Is it possible (not "in theory", but with some description) to read files with zdb?


----------



## grahamperrin@ (Dec 29, 2021)

Thanks,



tarkhil said:


> `ea31abc261f`



<https://cgit.freebsd.org/src/commit/?id=ea31abc261f&h=releng/13.0> was a few months ago, if that's your boot usual boot pool I should recommend updating the base OS.


----------



## grahamperrin@ (Dec 29, 2021)

If you're confident that there's not a hardware issue, have you tried an extreme rewind?

(Proceed with caution; I haven't done so for years.)



tarkhil said:


> Is it possible (not "in theory", but with some description) to read files with zdb?



Does <https://www.google.com/search?q=zdb+recover+import+site:reddit.com/r/zfs/&tbs=li:1#unfucked> or some other combination of those search phrases lead to anything relevant? (I took a quick look at a handful, nothing immediately promising.)

If you have not already seen it: Turbocharging ZFS Data Recovery | Delphix (2018-03-14)



> Besides being able to display the new debug information, zdb has another new feature …



– some discussion of extreme rewinds, although that's not how I found the post.

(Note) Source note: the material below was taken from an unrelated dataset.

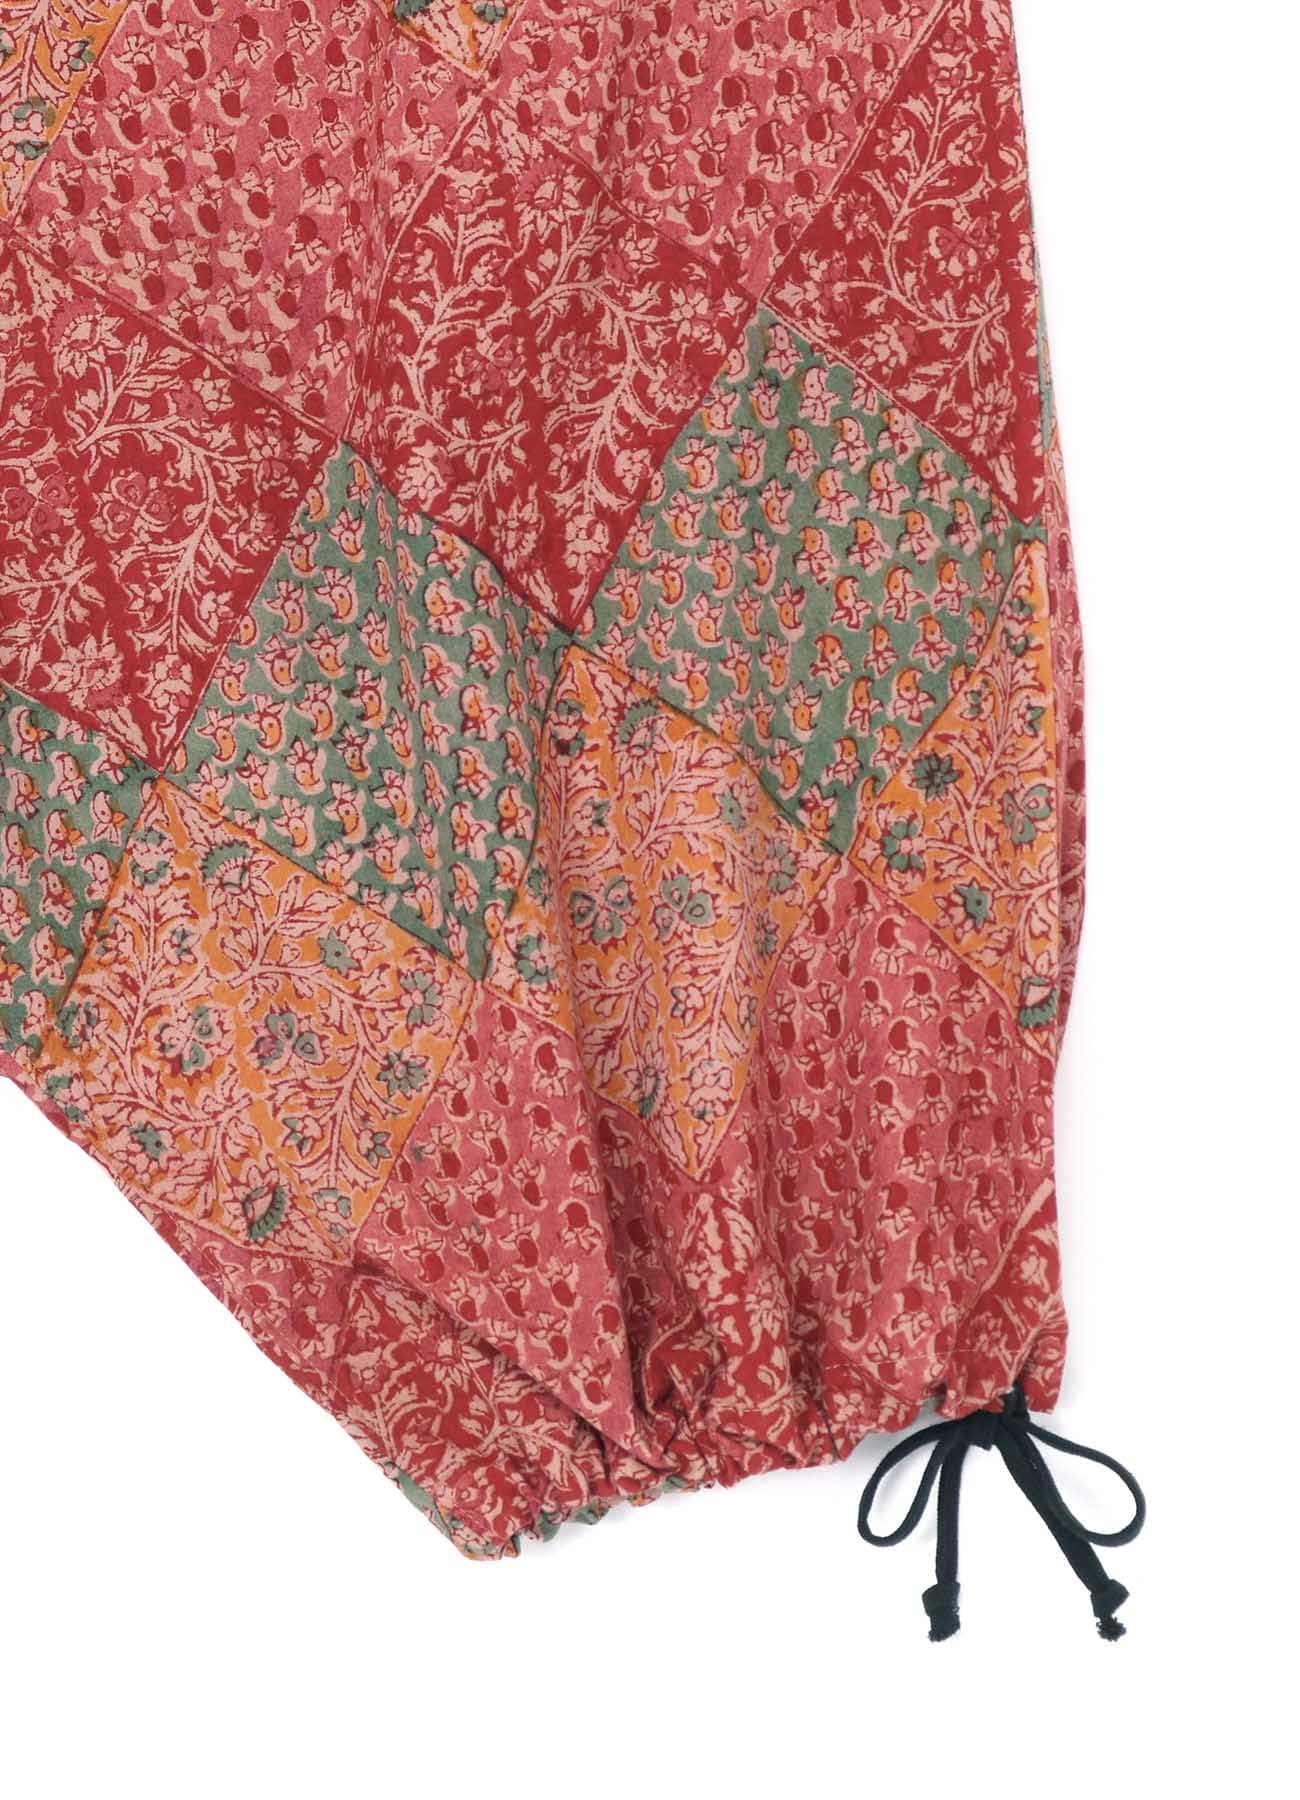 INDIAN BLOCK PRINTED BOTANICAL PATTERN BALLOON SARUEL PANTS

<https://openzfs.github.io/openzfs-docs/man/8/zdb.8.html> or zdb(8).


----------



## tarkhil (Dec 29, 2021)

grahamperrin said:


> If you're confident that there's not a hardware issue, have you tried an extreme rewind?
> 
> (Proceed with caution; I haven't done so for years.)
> 
> ...


I've copied the data out of the disk and now running 
`/usr/local/sbin/zpool import -R /mnt -o readonly -f -N -FX iile`

On the latest openzfs from ports. For 3.5 hours it's running, no panic, no fail, no visible result (yet). Anyway image is on ZFS, snapshoted, I can always to rollback and start over.


----------



## grahamperrin@ (Dec 29, 2021)

Thanks, do I understand this correctly?

`zfs-2.1.99-1` and `zfs-kmod-v2021121500-zfs_f291fa658` were enough to import (read only) with an `-X` extreme rewind, after the inferior versions _failed_ to import with (outdated) `13.0-RELEASE #0 releng/13.0-n244733-ea31abc261f`

(Sorry, I'm being slightly lazy with my readings of your notes, without looking properly at the manual pages!)


----------



## tarkhil (Dec 30, 2021)

grahamperrin said:


> Thanks, do I understand this correctly?
> 
> `zfs-2.1.99-1` and `zfs-kmod-v2021121500-zfs_f291fa658` were enough to import (read only) with an `-X` extreme rewind, after the inferior versions _failed_ to import with (outdated) `13.0-RELEASE #0 releng/13.0-n244733-ea31abc261f`
> 
> (Sorry, I'm being slightly lazy with my readings of your notes, without looking properly at the manual pages!)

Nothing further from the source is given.